Following on from my blog post and making sure your file systems are part of a consistency group – so the data is consistent after a restart, the next question is
“how long will it take to fail over?”.
There are two areas you need to look at
- The time to detect and outage. This can be broken down into the time the active queue manager releases the lock, and the time taken for the release of the lock to be reflected to the standby system. You need to test and measure this time. For example you may need to adjust your network configuration.
- The time taken to restart the queue manager. There is an excellent blog post on this from Ant at IBM.
- The blog post talks about the rate at which clients can connect to MQ. Yes MQ can support 10,000 client connections. But if it takes a significant time to reconnect them all, you may want multiple queue managers, and have parallelism
- Avoid deep queues. In my time at IBM I saw many customers with thousands of messages on a queue with an age over 1 year old! You need to clean up the queue. Your applications team should have a process that runs perhaps once a day which cleans up all old messages. For example there was a getting application instance which timed out and terminated, then the reply arrived.

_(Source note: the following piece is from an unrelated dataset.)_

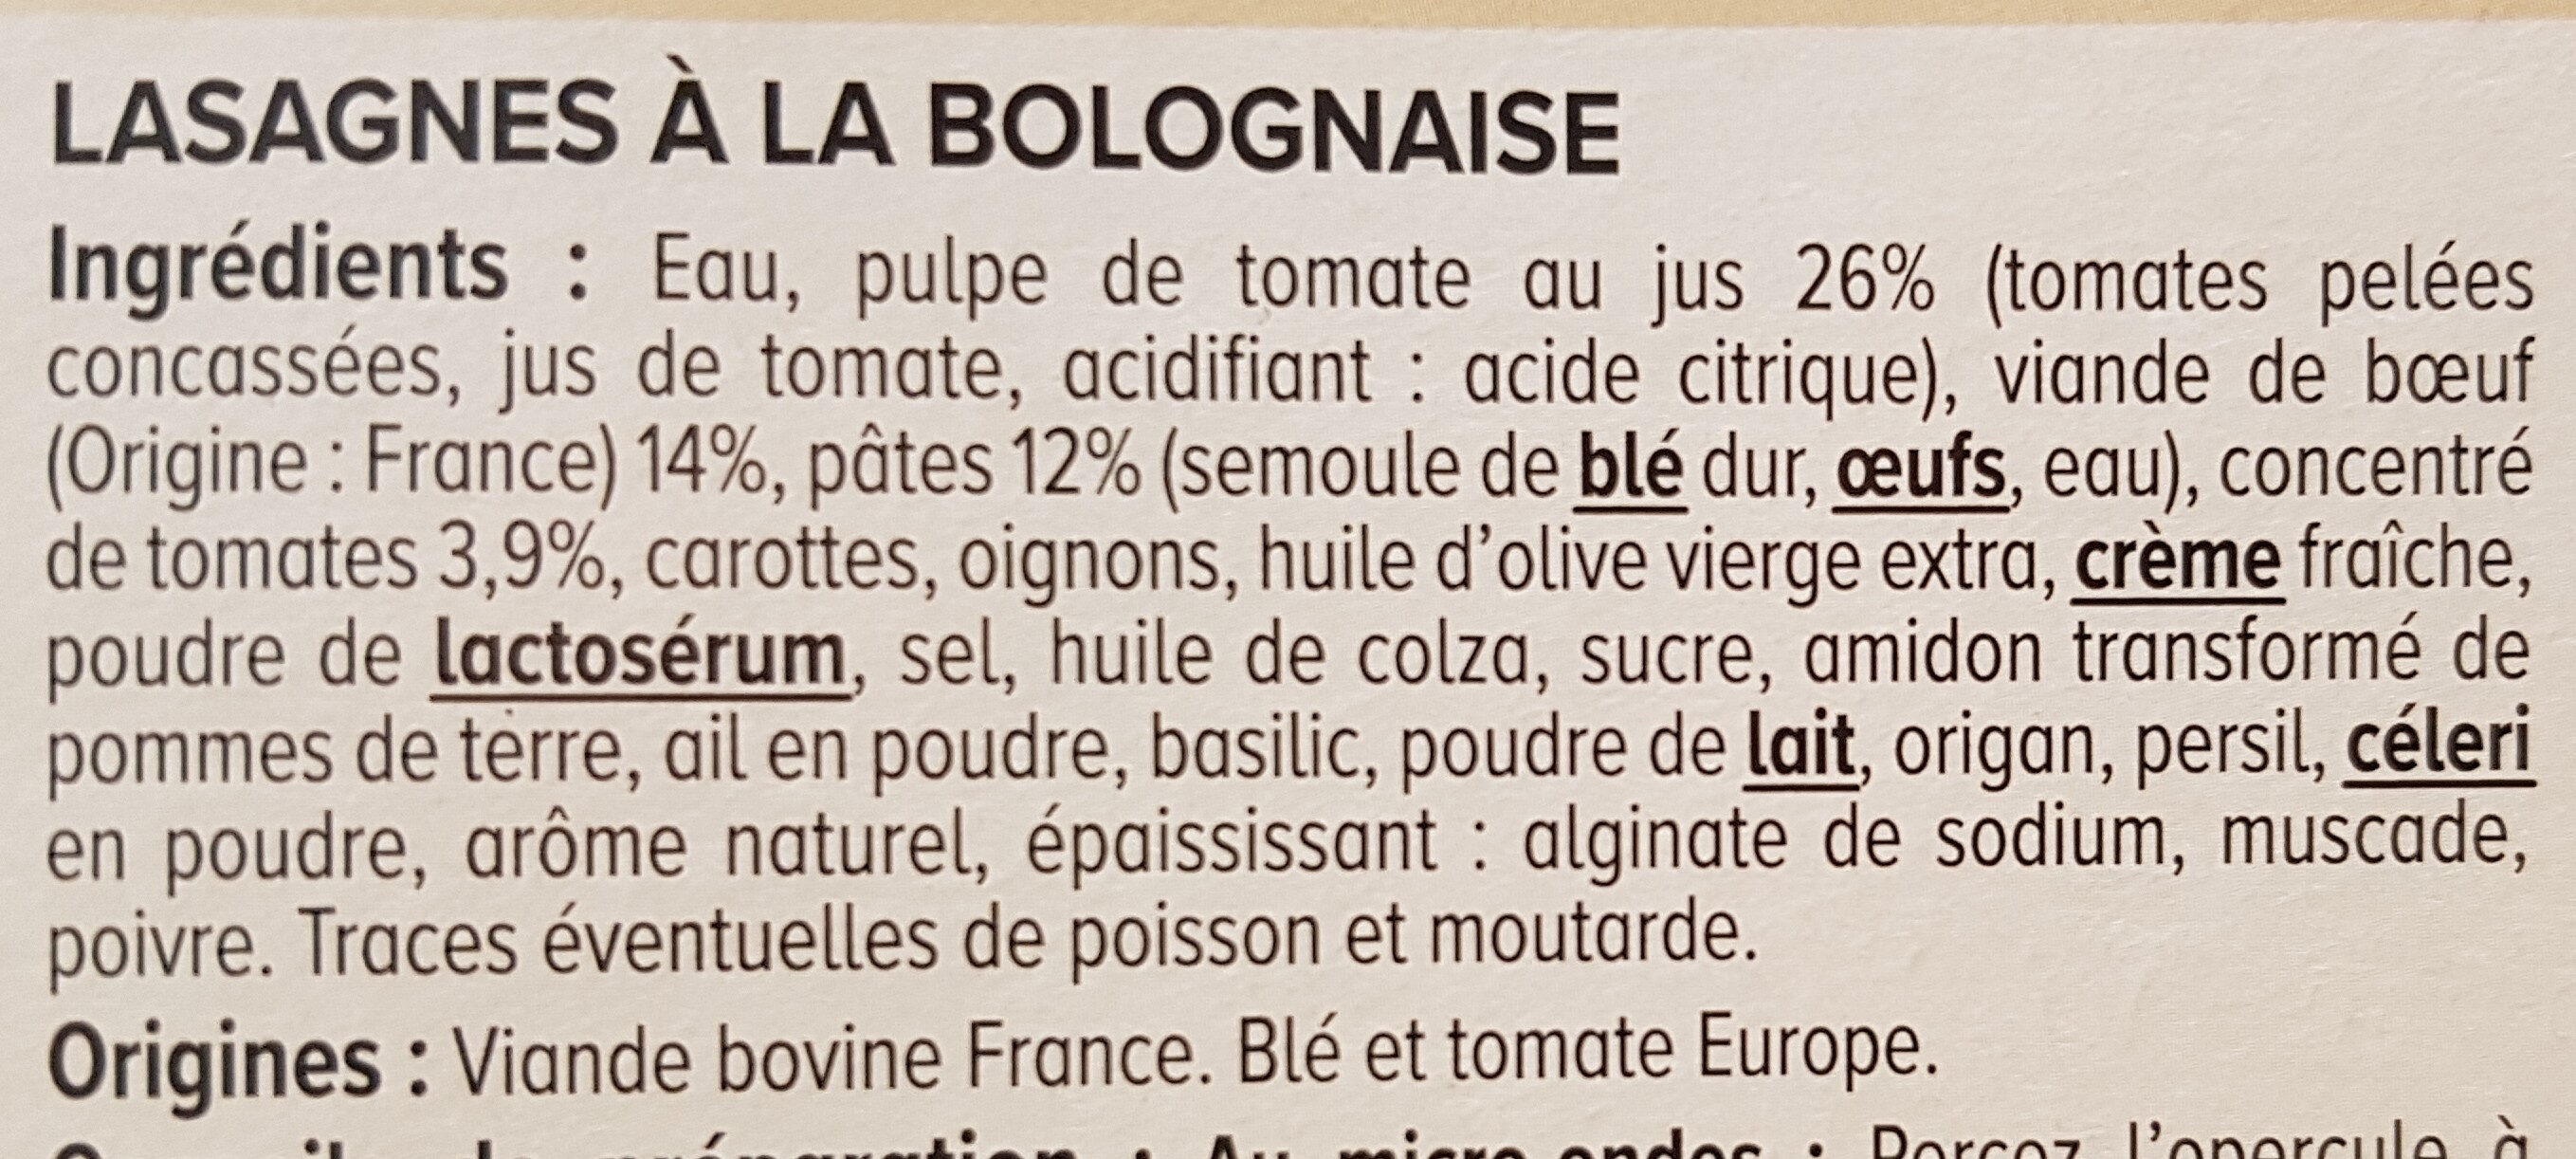 Lasagnes à la bolognaise - Ingredients - fr

- During normal running most of the IO is write – and this often goes into cache, so very fast. During recovery the IO is reading from disk which might be from rotating disks rather than solid state.
One lesson from this is you need to test the recover. You need to test a realistic scenario – take the worst case of number of connections, with peak throughput, and then pull the plug on the active system.
Another lesson is you need to do this regularly – for example monthly as configurations can change.